While he may be presenting new concepts on a conservation level, the spirit of miske itself has deep cultural roots in Ecuador. Miske is made from sap collected from the heart of the agave Americana, which grows in the highlands of Ecuador and takes up to fifteen years before reaching maturity. In the native Quechua language, this sap is called chawarmishki, which means “raw” and “sweet” and lends Chawar its name.
Andean women have long played a leading role in miske’s production by trekking the mountainous terrain to collect the sap before open-air fermenting and distilling the liquid into a higher-proof spirit. As part of the Chawar project, Logan-Hines helped establish Ecuador’s first all-women harvesting cooperative, called Mishkita (which is, again, derived from the word chawarmishki). The co-op’s intention is to create a perpetual support system for the producers coming from within their community and beyond his own involvement.
“Trust is something that we have to constantly win and work with them to make sure we’re all doing this in a respectful way that everybody’s benefiting from,” Logan-Hines adds. He is quite personally involved in the production process; his husband, Robin, who is an architect and indigenous to the Amazon, designed and built the Chawar distillery in the village of Yaruqui, outside the capital city of Quito.

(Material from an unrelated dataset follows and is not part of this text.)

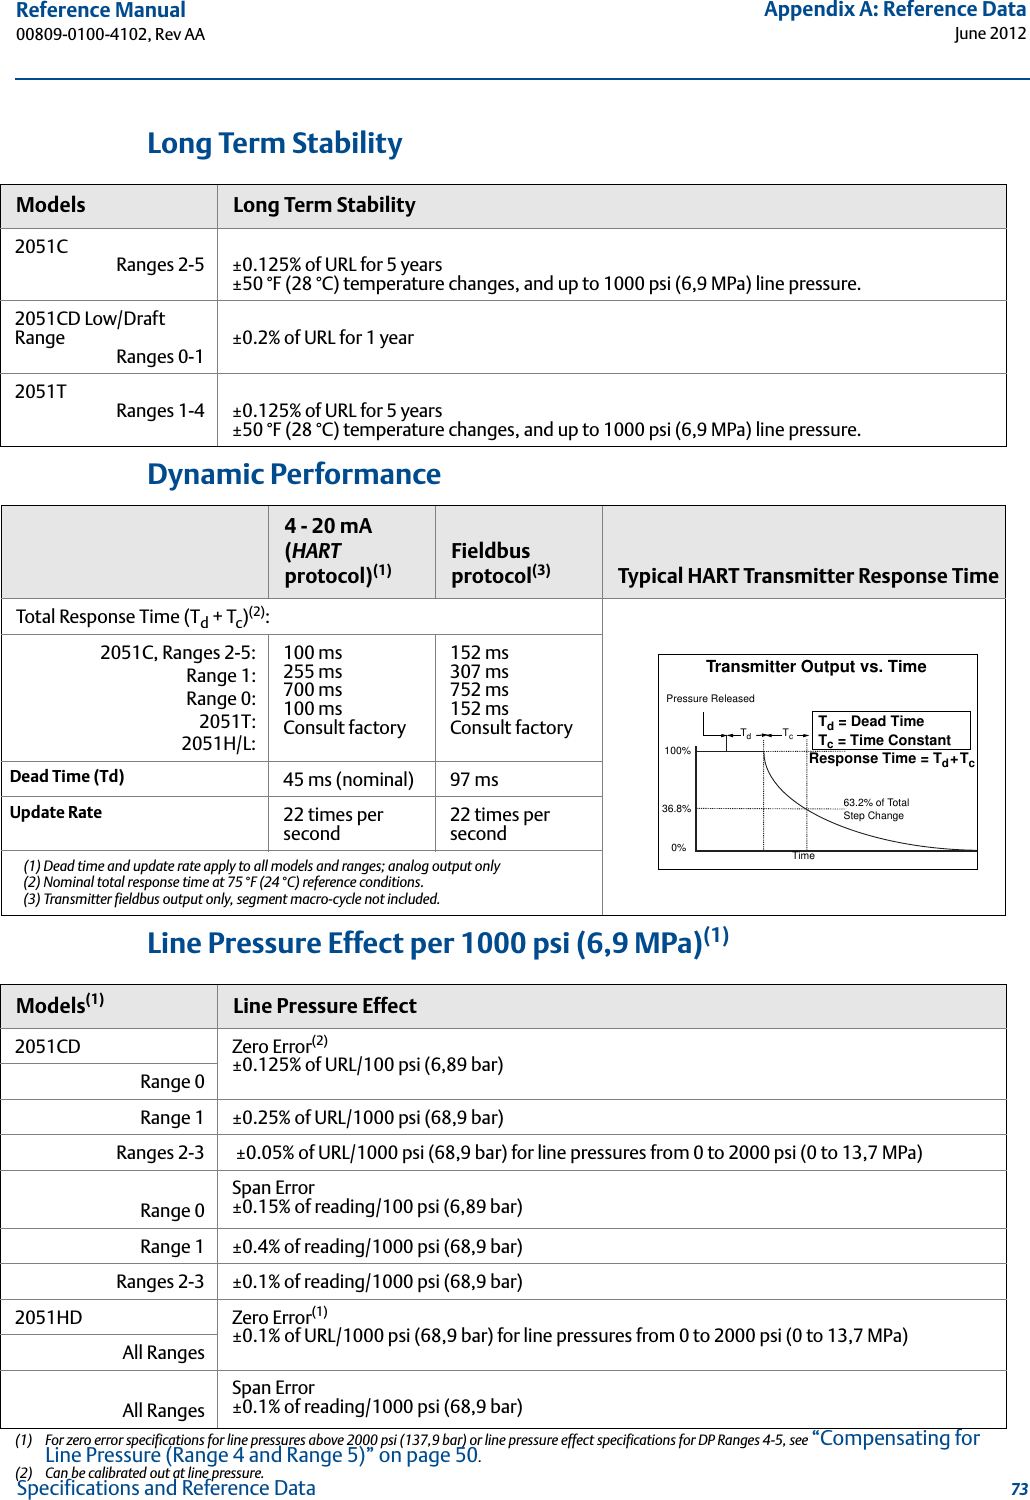 73Reference Manual 00809-0100-4102, Rev AAAppendix A: Reference DataJune 2012Specifications and Reference DataLong Term StabilityDynamic PerformanceLine Pressure Effect per 1000 psi (6,9 MPa)(1)Models Long Term Stability2051C Ranges 2-5 ±0.125% of URL for 5 years±50 °F (28 °C) temperature changes, and up to 1000 psi (6,9 MPa) line pressure.2051CD Low/Draft Range Ranges 0-1 ±0.2% of URL for 1 year2051T Ranges 1-4 ±0.125% of URL for 5 years±50 °F (28 °C) temperature changes, and up to 1000 psi (6,9 MPa) line pressure.4 - 20 mA (HART protocol)(1)Fieldbus protocol(3) Typical HART Transmitter Response TimeTotal Response Time (Td + Tc)(2):2051C, Ranges 2-5:Range 1:Range 0:2051T:2051H/L:100 ms 255 ms700 ms100 ms Consult factory152 ms307 ms752 ms152 msConsult factoryDead Time (Td) 45 ms (nominal) 97 msUpdate Rate 22 times per second 22 times per second(1) Dead time and update rate apply to all models and ranges; analog output only(2) Nominal total response time at 75 °F (24 °C) reference conditions. (3) Transmitter fieldbus output only, segment macro-cycle not included.Models(1)(1) For zero error specifications for line pressures above 2000 psi (137,9 bar) or line pressure effect specifications for DP Ranges 4-5, see “Compensating for Line Pressure (Range 4 and Range 5)” on page 50.Line Pressure Effect2051CD Zero Error(2)±0.125% of URL/100 psi (6,89 bar)(2) Can be calibrated out at line pressure.Range 0Range 1 ±0.25% of URL/1000 psi (68,9 bar)Ranges 2-3  ±0.05% of URL/1000 psi (68,9 bar) for line pressures from 0 to 2000 psi (0 to 13,7 MPa)Range 0Span Error±0.15% of reading/100 psi (6,89 bar)Range 1 ±0.4% of reading/1000 psi (68,9 bar)Ranges 2-3 ±0.1% of reading/1000 psi (68,9 bar)2051HD Zero Error(1)±0.1% of URL/1000 psi (68,9 bar) for line pressures from 0 to 2000 psi (0 to 13,7 MPa)All RangesAll RangesSpan Error±0.1% of reading/1000 psi (68,9 bar)TcTdTd = Dead TimeTc = Time ConstantPressure ReleasedResponse Time = Td+Tc63.2% of TotalStep ChangeTime0%100%36.8%Transmitter Output vs. Time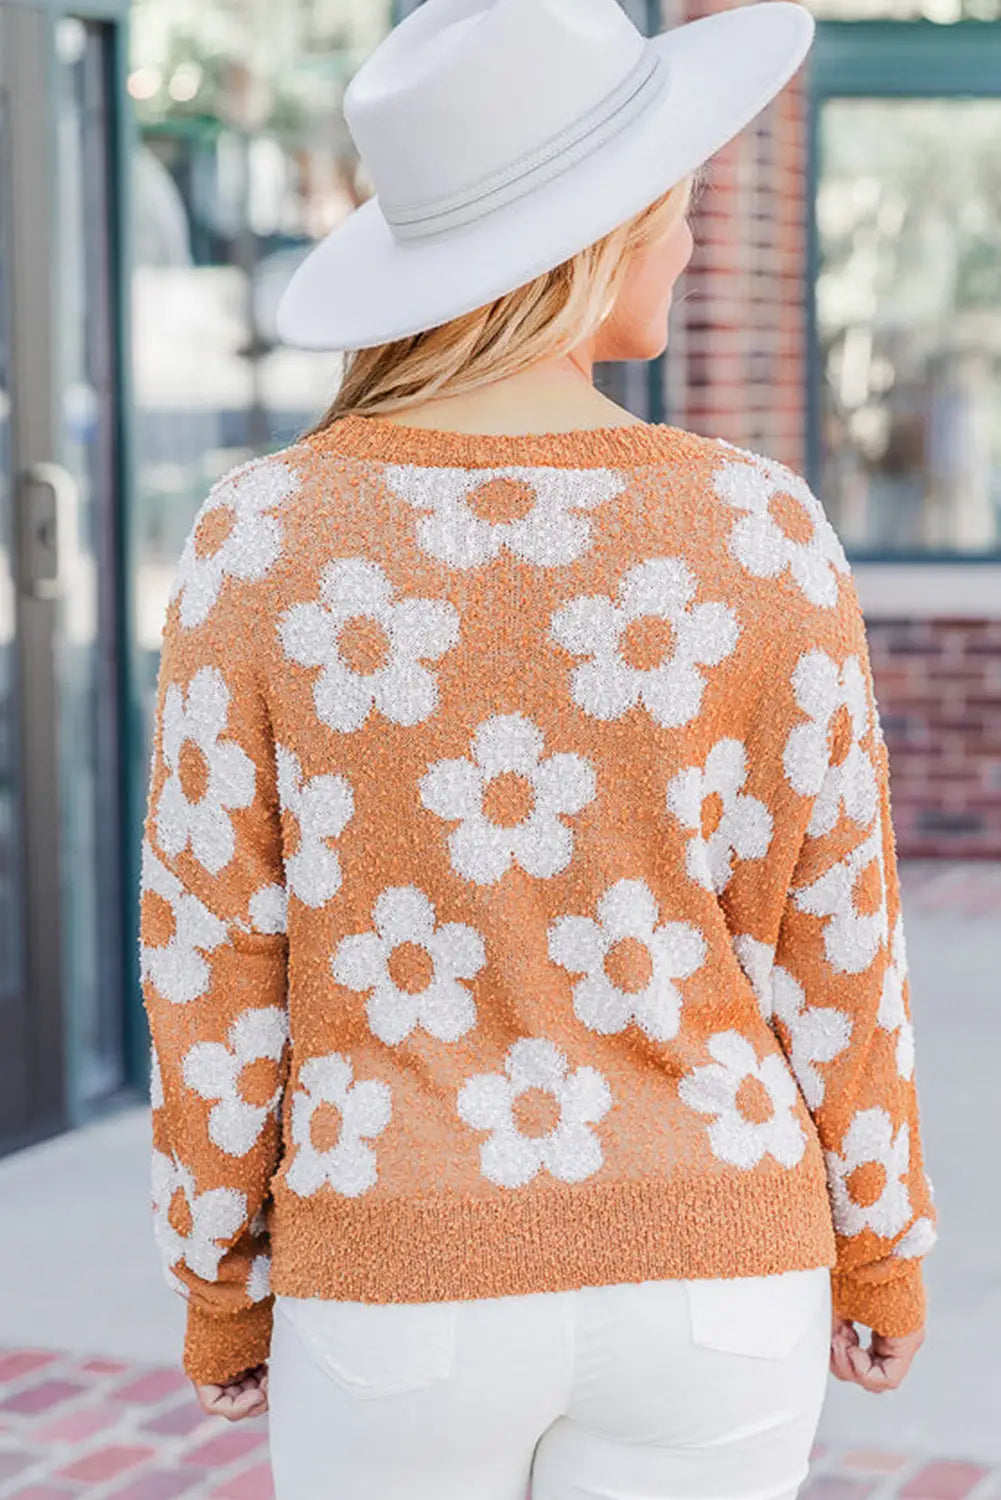 Grapefruit orange fuzzy floral knitted drop shoulder sweater - sweaters & cardigans

Logan-Hines says that commoditizing a crop in a sustainable way is one objective, but organizing a cooperative that directly benefits the producers as the brand grows is a main priority with Chawar. “I really wanted [the women] to be organized so that in the future, they’re going to be solid enough to make sure that they don’t get taken advantage of and that they can make money off of their knowledge and their plans," he explains.

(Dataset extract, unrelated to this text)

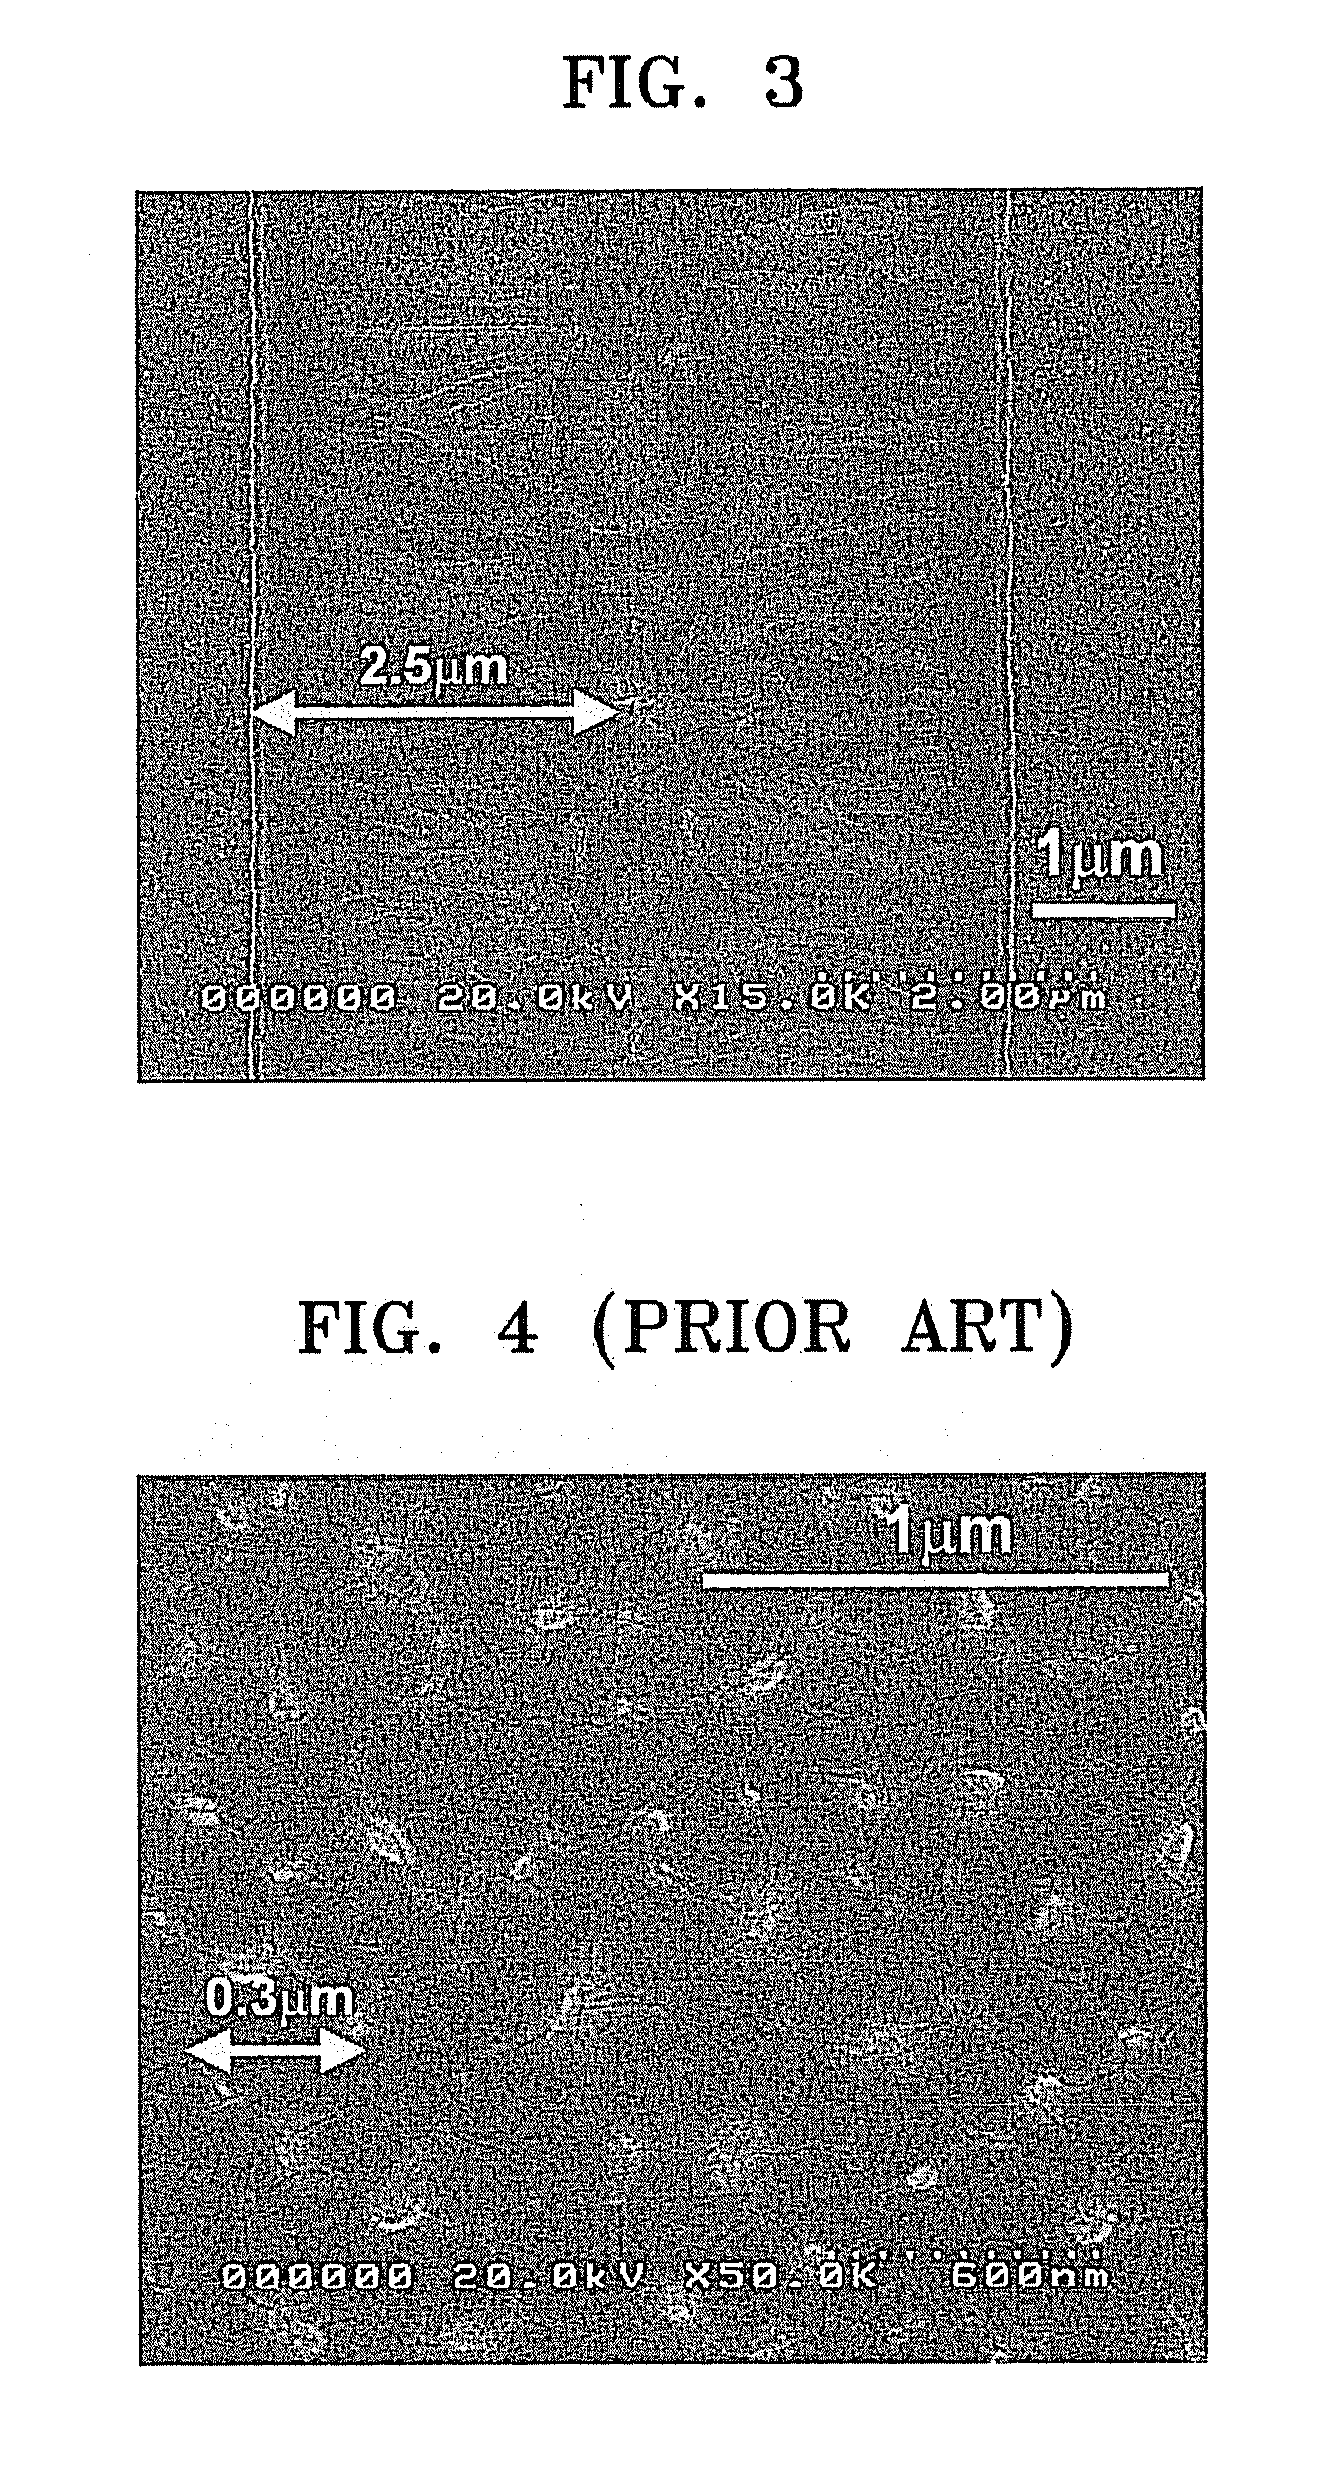 Organic electro-luminescent display and method of fabricating the same

Chawar is nothing short of an ambitious project for Logan-Hines as he works to locally resurrect an agave spirit from its lost history in Ecuador while simultaneously launching it into the international market. He’s looking to transform an entire region's perception on forestry and agriculture while building systematic support for the people and communities behind miske. It’s a lot for an agave spirit brand pushed by alpaca pop-up parties, but Logan-Hines says his idea of success, and the brand’s intention, is a bit more serious.
“I would love to see [how] this could really transform the way agriculture is done in these dry, arid areas of the Andes Mountains and really create value for that whole ecosystem," he concludes. "My big goal is that we become Ecuador’s national spirit, to give life and support to these women, to really give life to this tradition.”